For months Adina Perullo has been waiting to have a surgery that could save her life.
Perullo, a 36-year-old mother of two from Levittown, N.Y., planned to have an operation in early April to remove her ovaries to prevent ovarian cancer. About a week before her procedure, Perullo was told by her doctor that North Shore University Medical Center in Manhasset, N.Y. had postponed all elective surgeries to divert resources to the pandemic. All across New York, hospitals ceased nonurgent surgeries to comply with a March 23 order from Gov. Andrew Cuomo.
Some patients needing operations deemed safe to postpone, such as those to address heart problems, cancer or hernias, have been waiting months for treatment.
Last year Perullo underwent a double mastectomy after doctors found she had stage-two breast cancer and testing showed she had a mutation in the BRCA-2 gene that puts people at higher risk for several cancers.
"I've seen it go from nothing to something virtually overnight," Perullo said. "That's where my fear lies."
The state Department of Health granted New York City hospitals permission to resume nonurgent surgeries June 8—Long Island and Westchester facilities got the green light in late May—but the busiest facilities have thousands of procedures to schedule. Perullo is working with her doctor to find a date for surgery.
Hospitals had been able to perform medically necessary surgeries with wide discretion as to which should be performed. That discretion was needed to avoid adverse effects. A study from the Annals of Oncology, published online in May, found evidence that modest delays in surgery could significantly affect a patient's chance of survival. It noted the need for "rapid attention to any backlog already accrued.
Hospitals were balancing performing surgeries with preserving staff and supplies for COVID-19 care. Every patient undergoing and recovering from surgery would lead to the higher use of protective equipment, which was in short supply, and a need for an operating-room ventilator.
Manhattan's Hospital for Special Surgery, known for its prolific knee, hip and other joint surgeries, said in late May that it had a backlog of about 7,000 patients.
At the peak of the crisis, New York's operating rooms were mostly dormant. HSS dropped to as low as 8% of its total operating-room capacity during that period. It performed about 35,000 surgeries last year.
Louis Shapiro, its CEO, said the orthopedic hospital created a system for classifying elective surgeries in mid-March ahead of the executive order to halt procedures.
After first working to accept non-COVID-19 patients from other hospitals, HSS made the decision in April to admit positive patients as well, converting its operating rooms into intensive care units.
"These are patients who were canceled for surgery back in March, and what may have been elective then is no longer elective because their condition has deteriorated," Shapiro said. "Thousands of patients we canceled months ago started to come back slowly."
As HSS opens up more of its operating rooms, the hospital has needed to thoroughly disinfect areas that served as care sites for COVID-19 patients and replace the anesthesia machines, which had been converted into makeshift ventilators for critically ill patients.

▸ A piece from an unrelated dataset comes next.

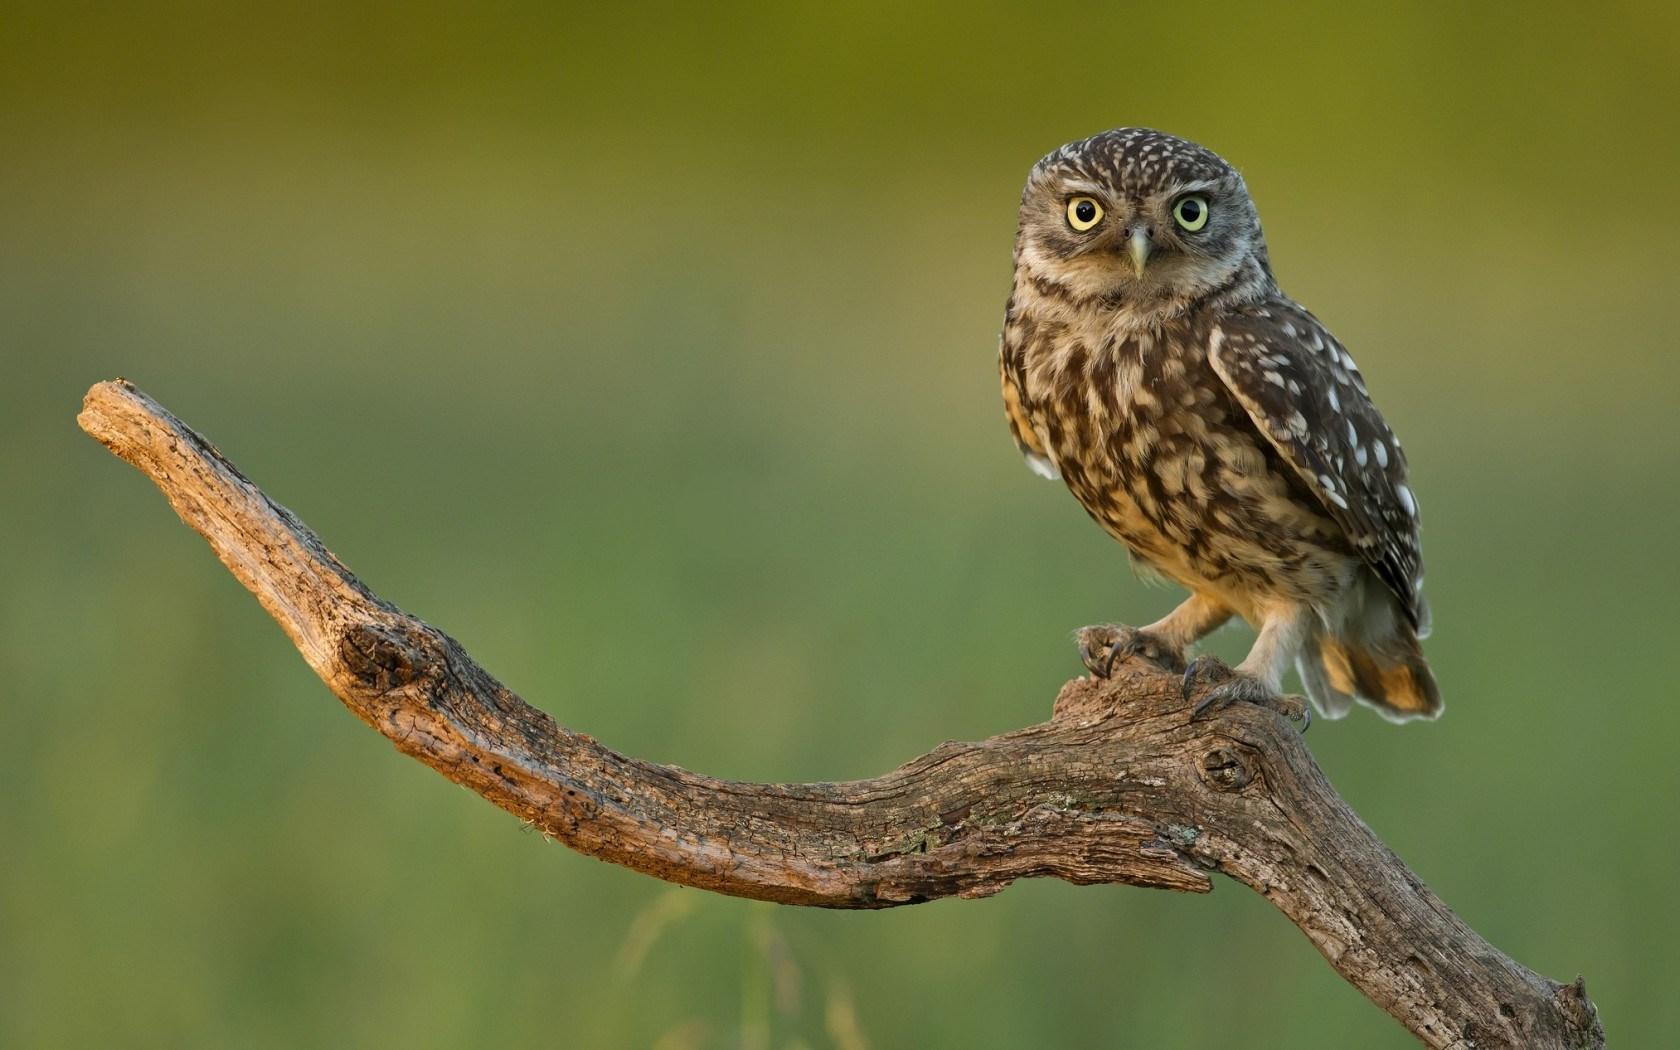 Owl Bird Nature Branch Dry Wood HD wallpaper 1680x1050 ...

All patients must test negative for the virus ahead of their operation.
The drop in surgeries also led to a financial hit to hospitals that rely on that revenue, particularly from orthopedic and cardiac procedures, to stay solvent.
Elective hospital admissions can make up 30% or more of a hospital's revenue, according to an analysis by researchers at Weill Cornell Medicine in the medical journal JAMA.
The changes hospitals made to elective surgeries, "while needed to respond to the COVID-19 pandemic, potentially threaten the financial viability of hospitals, especially those with preexisting financial challenges and those heavily reliant on revenue from outpatient and elective services," the authors wrote.
The federal Coronavirus Aid, Relief and Economic Security Act included $175 billion in funding for hospitals and other facilities to offset the costs of caring for COVID-19 and losing revenue from postponing surgeries. But more funding targeted toward smaller and independent hospitals may be needed as those facilities typically have less financial liquidity.
Its unclear whether pent-up demand for treatment will lead to higher revenue for health systems.
Several city health systems including Northwell Health and New York–Presbyterian, reported losses of more than $120 million in the first quarter of the year, as they spent more to prepare for COVID-19 while canceling procedures in the last two weeks of March.
Patients could continue to put off some less time-sensitive procedures, especially as the number of New Yorkers with job-based insurance fell in recent months.
Northwell Health saw its surgery volume return in waves as its Long Island and Westchester hospitals received permission to schedule nonurgent procedures weeks ahead of its city hospitals.
The health system worked to ensure it could accommodate social distancing in waiting areas, Michael Dowling, CEO of Northwell, said.
"Recovery, as people call it, is in many ways more difficult than managing the crisis itself because we have to come back in a different way and make sure when we bring back surgery and other procedures, we do it safely," Dowling said. "The world is going to be quite different in every single medical facility going forward."